Monday, April 25, 2005

Ronald Brownstein Once Predicted Dean Would Win

Ronald Brownstein, a political writer for the Los Angeles Times, remains just as starry-eyed as he was early in 2004, when he predicted that Howard Dean would win the Democratic presidential nomination, even if he lost the Iowa Caucuses.

Brownstein writes a fairly uninteresting column once a week for the Times. Steve Lopez, he is not. Hell, he's not a George Skelton either.

He's been a political writer for a long time now, and occasionally he does have good judgment. The night before the 2004 election, he hinted that George W. Bush would probably win.

But often he wildly overestimates the power of liberal ideas in the current American political spectrum. He's inclined to believe the Internet has changed everything politically, or, if it hasn't, it's about to.

Brownstein is back in the old rut this morning, April 25, saying the Internet could generate a potent Third Party movement in this country, and fairly soon.

He cites Dean's success in raising money on the Internet, and he quotes Dean's old campaign manager, Joe Trippi, as saying that maybe next time, it will be able to ignite a voter's surge for a Third Party.

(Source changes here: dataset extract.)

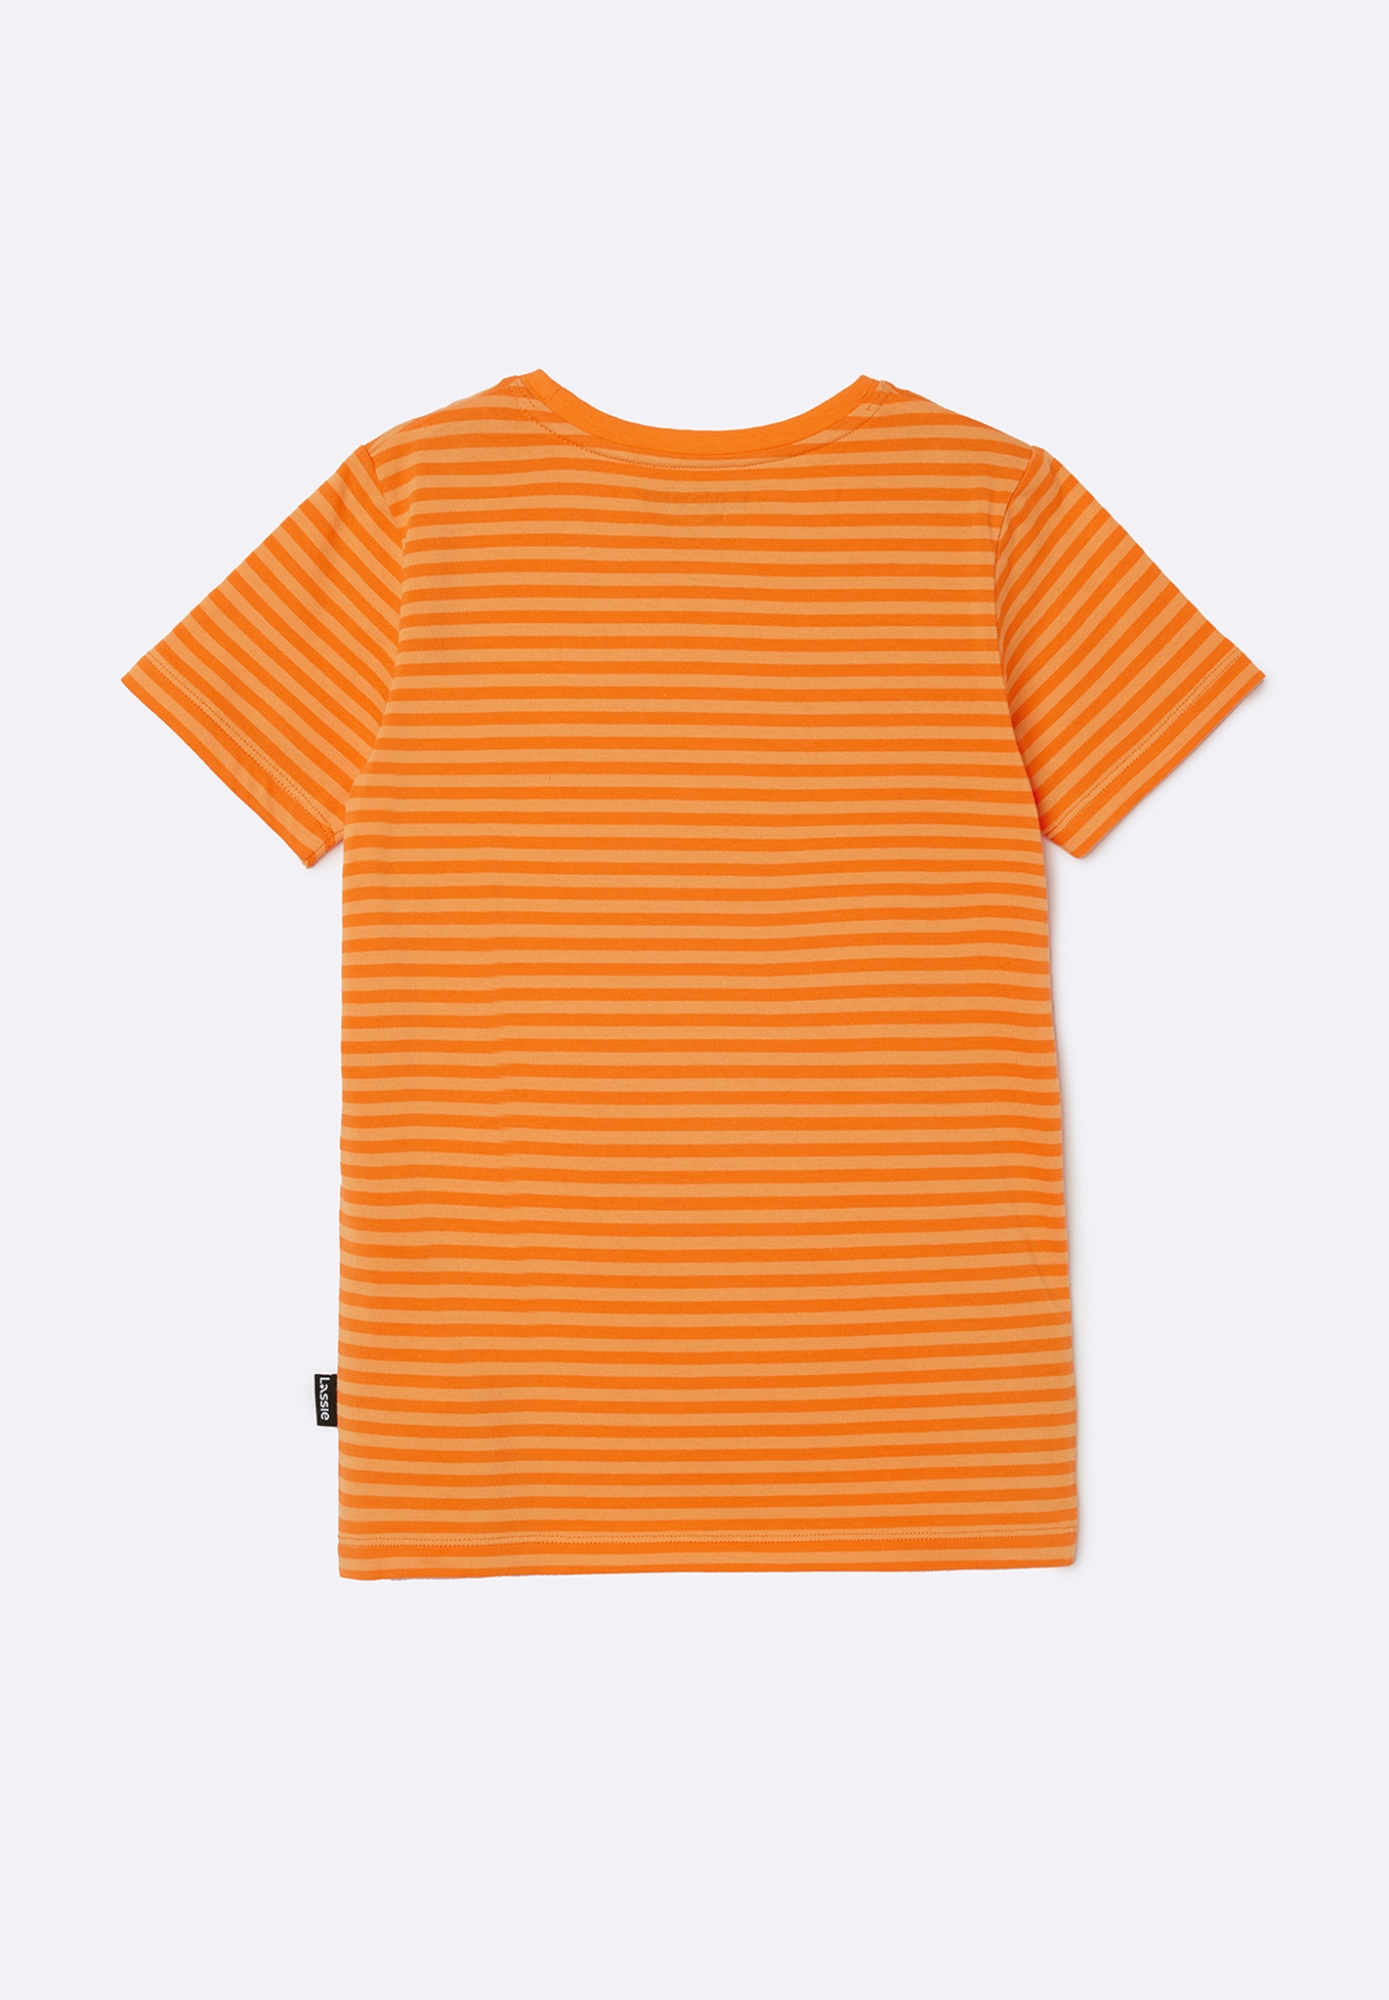 Детская футболка Lassie Valoon Оранжевая | фото

Well, I confess that as a Times political writer I occasionally indulged in Third Party fantasties as well. Once I went up to Oregon to interview a former governor who had Third Party thoughts. Of course, nothing came of them. The Third Parties in American history have sometimes had men of talent as their candidates, like the socialist Norman Thomas, but usually they were well out of the political mainstream. Henry Wallace comes to mind as a Third Party candidate who did far less well than predicted in 1948. Even George Wallace fell short of his potential.

The two-party system has, in fact, often proved to have resilience in the nation, in part, as Brownstein to his credit does mention this morning, because the electoral college voting system tends to keep Third Parties from assembling the critical mass necessary to win.

What usually happens is that when one party takes a bath, as the Democrats did last year, it develops new faces, or the political situation changes, and the party in power falters.

We saw that after the Goldwater debacle in 1964. Some predicted the demise of the Republican party after Lyndon Johnson won so handily, and Goldwater carried only the Deep South and Arizona. But then Johnson sent a half a million troops to Vietnam, and Reagan emerged as a new face in the Republican party. The very next election, the old Republican standby, Richard M. Nixon, won the presidency, and Reagan was already governor of California, in waiting for the presidency.

No, Brownstein is not apt to be right with his Third Party prediction. And, in his career at the L.A. Times, he hasn't even been right in predicting developments at the paper. He was one of the few members of the Washington bureau who wouldn't sign the petition questioning the policies of CEO Mark Willes shortly before Willes had the paper sold out from underneath him to the Tribune Co.